Another way to phrase it is to say that the user-movie matrix is very sparse. With larger datasets, the following plot would not be feasible, but with the moderately sized dataset we are working with we can have a look at the user-movie matrix.

Here the rows represent the movies and the columns the users. The entry (or the pixel) at position $$(i,j)$$ is colored according to the rating that user $$i$$ has given the movie $$j$$. Or it is white if the user has not rated this movie. We can also have a look at a little patch, which is maybe more pleasing to the eye.

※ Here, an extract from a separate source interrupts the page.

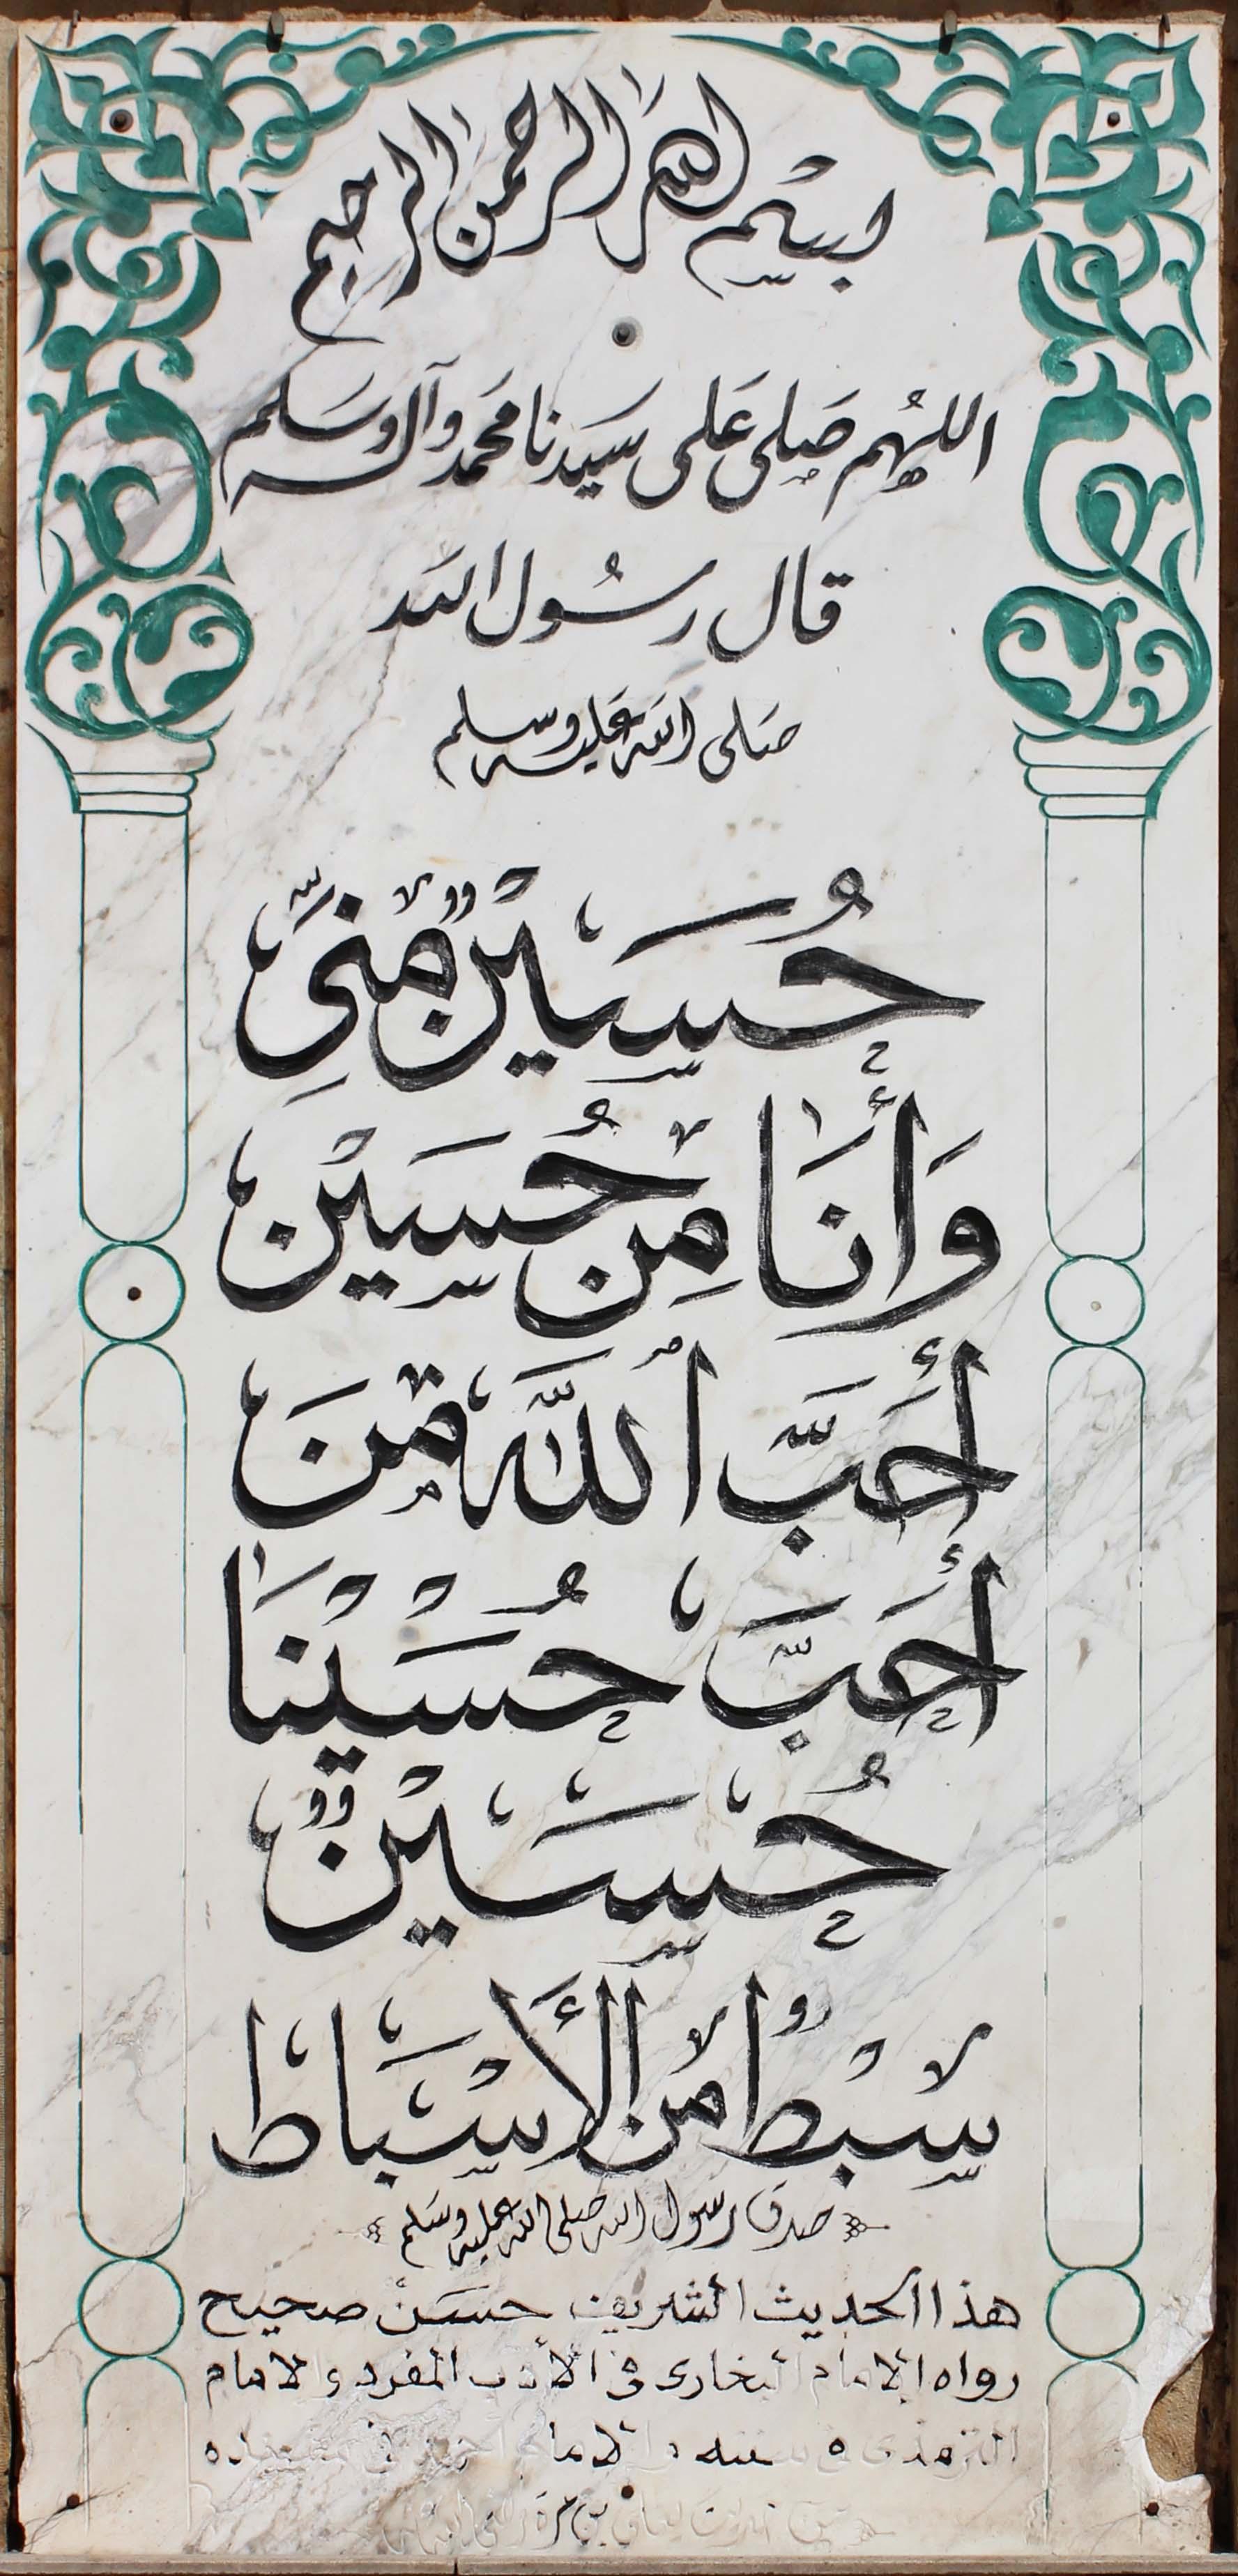 [عکس: Imam-Hussein-Hadith-inscription-00-4-B-.jpg]

The images confirm the initial observations about the sparsity of this matrix. Another interesting thing to point out is that there are visible correlations between the columns and the rows of the matrix. This makes sense intuitively, as there are movies that simply are good (and hence receive mainly good ratings) - this explains the similarity between the rows. Also, some users tend to give better ratings than others - this explains the correlations between the columns.

In the case of purely collaborative filtering, the task we want to solve now is to predict how each user would rate each movie - and hence the missing entries in the user-movie matrix.

Train Test Split

To evaluate the performance of the algorithms, we need to create a hold-out test set. Ideally, we would want each user and each movie to be present in both the train and the test set. But since there are movies that have only been rated once, this is not possible. We will therefore sort out the rarely rated movies and create a split with the property that each user and movie which appear in the train set also appear in the test set.

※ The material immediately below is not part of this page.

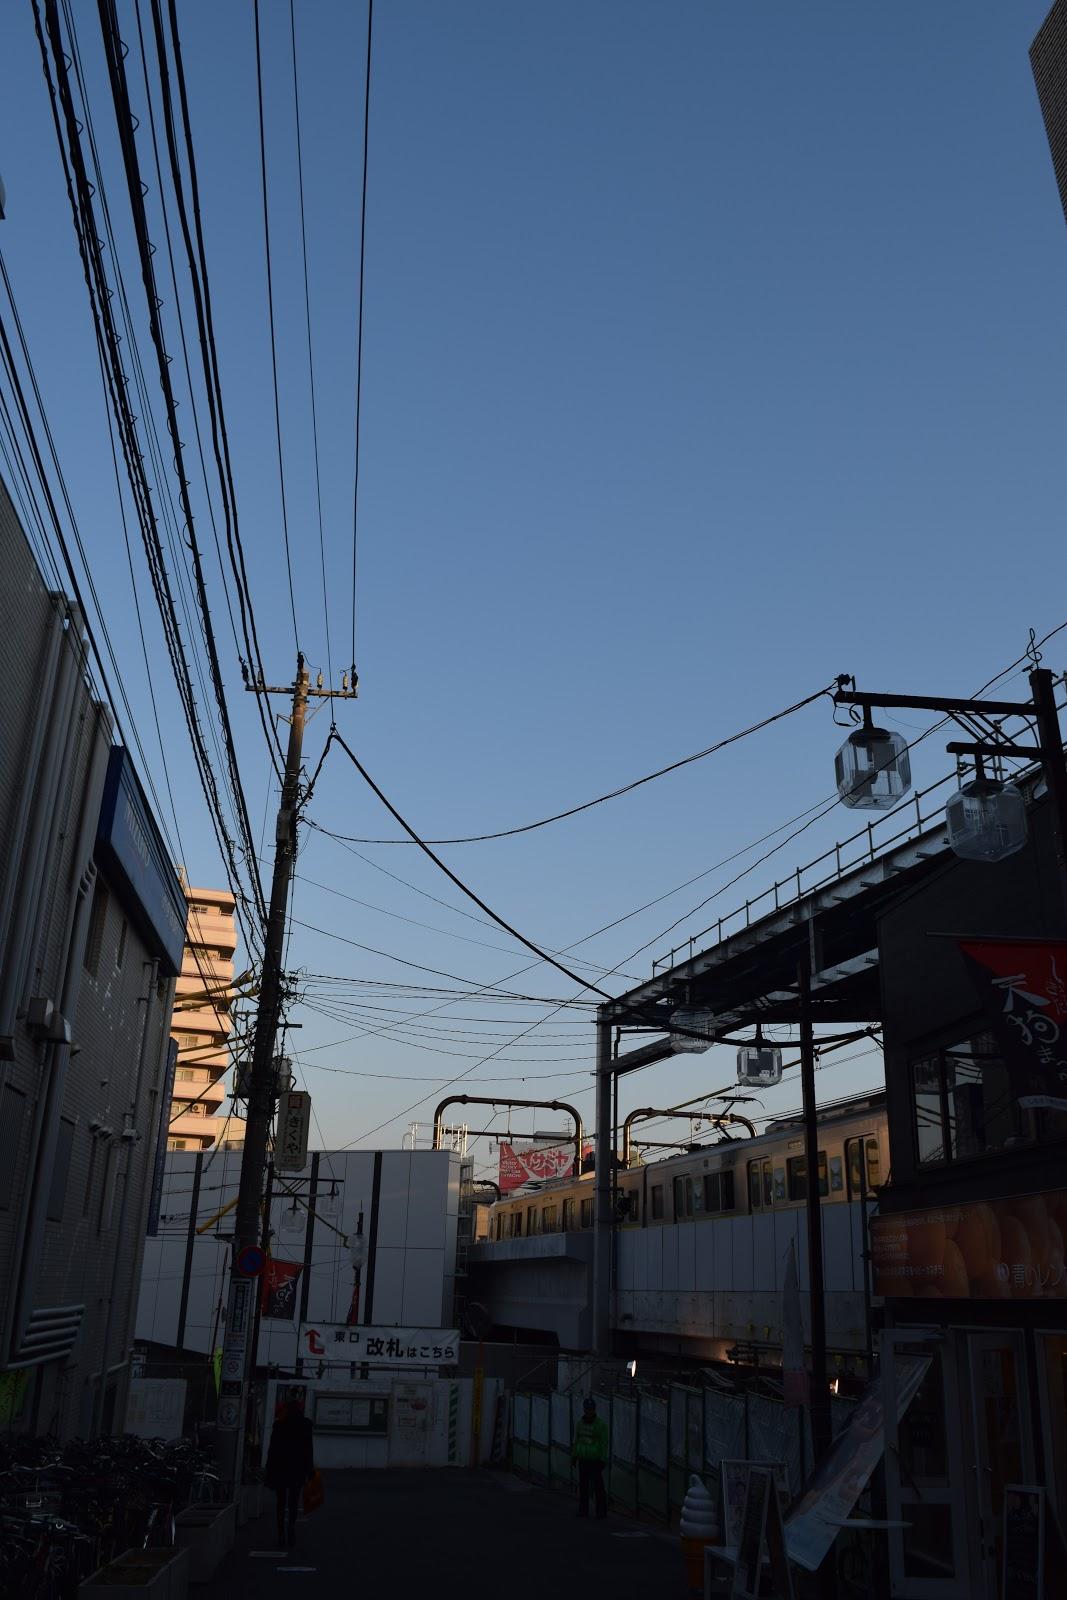 A street in Shimokitazawa, Tokyo

Unfortunately, that way only 1541 movies (of 1682) remain in our dataset. However, for the movies which got sorted out, it would have been very difficult to make meaningful predictions anyway, and with the data available we also could not have evaluated these predictions properly.

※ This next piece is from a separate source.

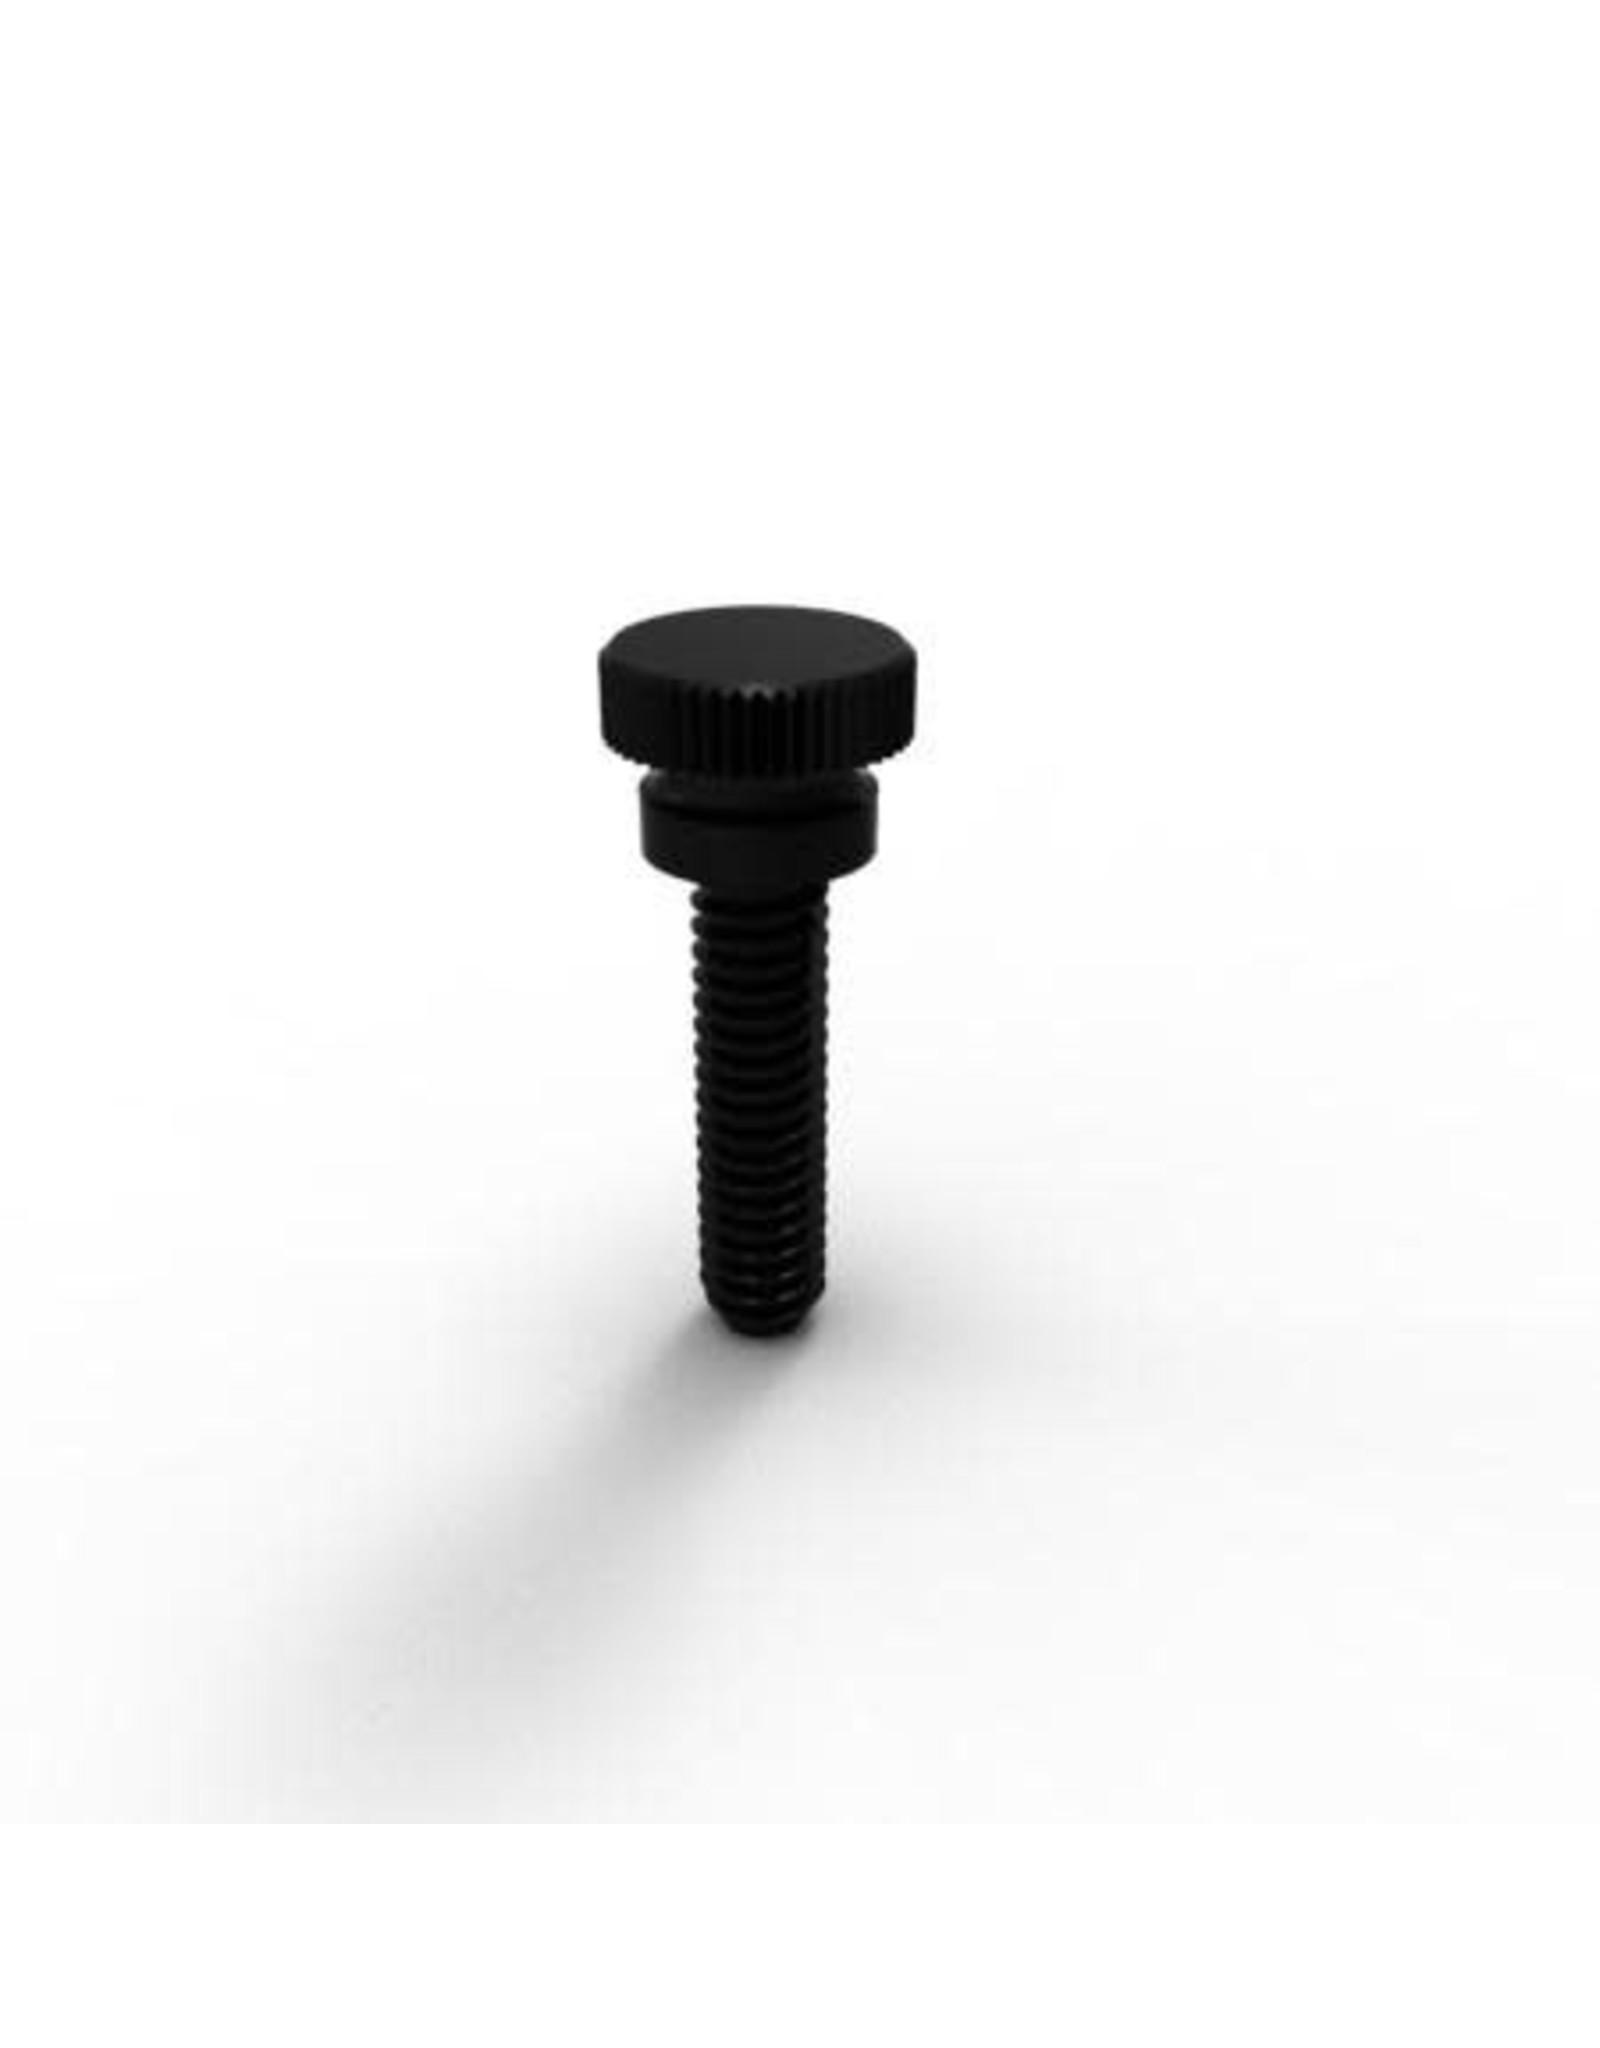 Nylon Thumbscrews 1/4-20 (set of 2)

Evaluation and defining a baseline

Evaluation

So, how are we going to evaluate the predictions? Note first, that most common strategies phrase the prediction of ratings as a regression problem - that means, that the output of our models will be a continuous variable, even though the ratings are discrete (ranging from 1-5 only). For regression problems, typical evaluation metrics are the MAE (mean absolute error) and the MSE (mean squared error), as well as the RMSE (root mean squared error). Another typical metric for regression problems is the R² - score, which loosely speaking describes how much of the variance in the data is described by a model. Strangely, it does not seem to be widely used in online resources about the MovieLens100K dataset. In this blog post, I will focus on the RMSE only, as it is the most widely used metric with this dataset, but in the notebook, I report all 3 metrics. In case you are not familiar with the RMSE: It puts a higher penalty on larger deviations from the ground truth and is more forgiving with small errors. In general, one can say that the lower this metric is, the better and an RMSE of 0 indicate a perfect fit of the data.

Baseline

To have something to compare our results to later on, let's start with a very simple and unpersonalized baseline - for any unknown user-movie pair, we predict the mean of all ratings that other users have given this film. In the end, when we turn these algorithms into recommendation engines, this would correspond to just recommending the best-rated movies.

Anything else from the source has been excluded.